Wang Hou Tang: Kung Fu Ink: Beacon, NY

Overview
Co-Curators: Gan Yu and Sheng Xingde

Ethan Cohen Gallery at the KuBe Art Center
211 Fishkill Ave, Beacon, NY
June 1 – June 30, 2024

Opening Reception + Performance:
Saturday, June 1, 3 – 5 PM

BEACON, NY – Ethan Cohen Gallery at the KuBe Art Center is pleased to present Wang Hou Tang: Kung Fu Ink, the artist’s first solo exhibition with the gallery.

 

The act of creating Chinese calligraphy occupies two dimensions of art, the kinetic and the pictorial. A dance of brushwork releases ink onto paper in a single flow of energy through the brush. Nowhere is this fusion more perfectly embodied than in the practice of Wang Hou Tang, a master and veteran both of calligraphy and Kung Fu. Wang Houtang invites us to value the performative expression of his body and hand movements as a process, itself a visual art form, as much as the resulting inked graphics, themselves a kind of black-on-white narrative dance of characters imprinted on paper. He is in effect pictographing a hypnotic martial arts performance where form follows function.
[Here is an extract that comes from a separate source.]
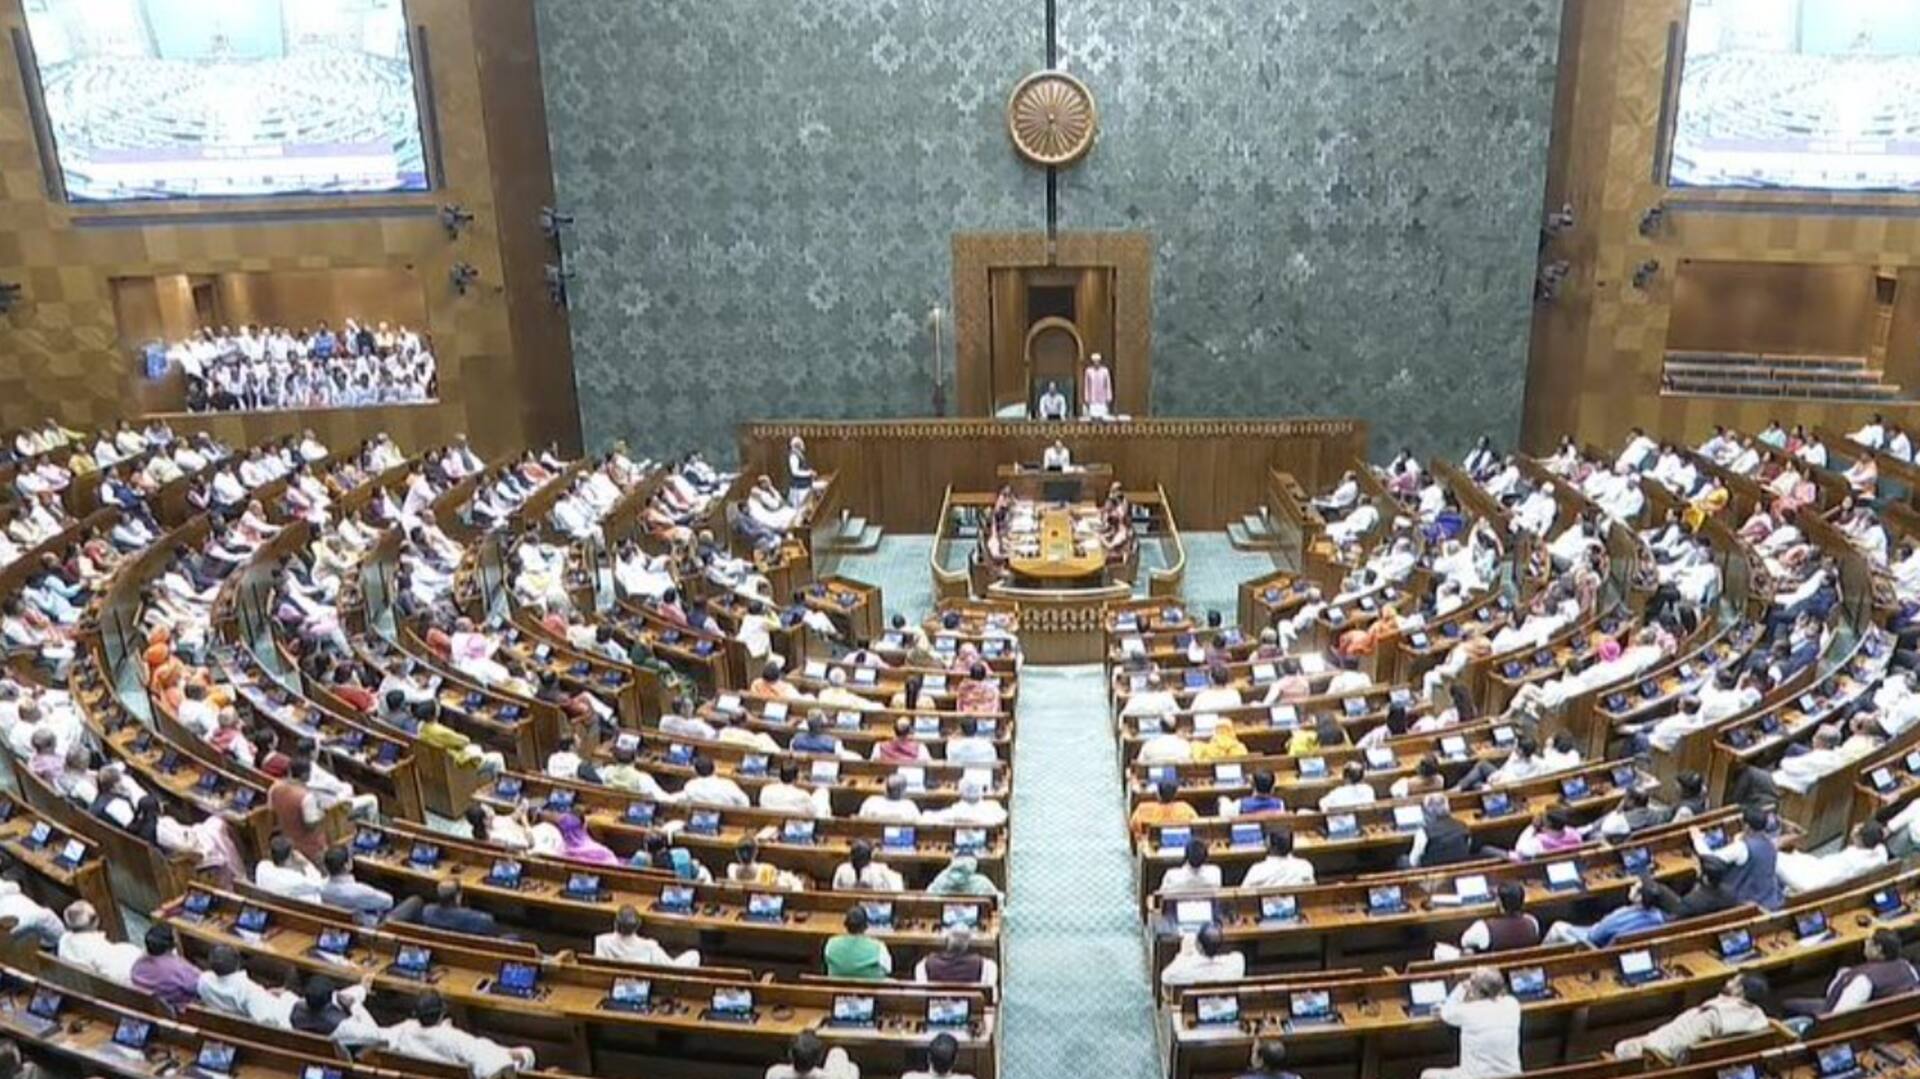 MPs suspended: లోక్‌సభ నుంచి మరో ముగ్గురు ఎంపీలు సస్పెండ్.. 146కు చేరిన సంఖ్య 
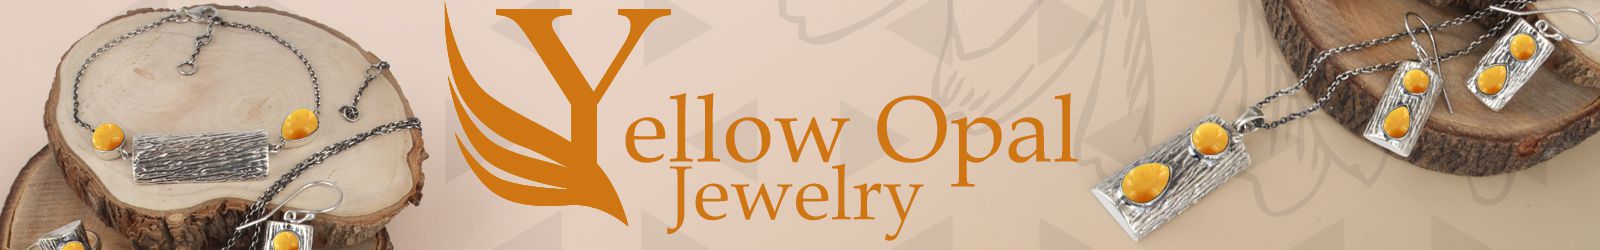 Wholesale Yellow Opal Jewelry

Beyond the esthetic plane, Chinese metaphysical symbolism informs Wang Houtang's unity of action with inscription. He directs his inner life-force force of Qi to channel divine energy onto and into earthly matter. His is a mystical choreography of creative energy. Wang Houtang argues that his art form transcends mere artistic expression; rather, it offers the visible illustration of transcendent opposites that become harmonies, mind/body, earth/sky, esthetic/mystical, dance/ink. Qi courses through him, reaching from his back to his shoulders, elbows, and wrists, and finally to the pen and ink. With each stroke, Qi merges with the ink, imprinting Chinese characters onto the white paper. This flow of Qi mirrors a series of kung fu movements, calligraphy come to life, denoting imagery of rushing streams, swirling cloudy mists, and the passage of time.

 

Wang Hou Tang was born in Shandong, China, and is a deeply schooled practitioner of martial arts, literature, and culture. He began learning martial arts at the age of 7, studying under a long tradition of famed masters. Also at the age of 7, Wang Houtang began practicing calligraphy, an artistic discipline he perpetuates of his own family's multigenerational heritage. For the past twenty years, he has practiced calligraphy for four hours a day, three hundred and thirty days a year, accumulating thirty thousand hours. Crafted by hand, his iron brush weighs over 40 pounds, yet under his time-seasoned fingers, it moves with refined fluidity, delivering bold emphatic strokes. Wang Houtang practice takes place on a six-acre plot of land situated in downtown Yantai. There, amid a vibrant landscape of exotic flowers, mountain springs, and tranquil ponds, he has constructed a residence and garden, evoking the surroundings of China's great literati painters of old.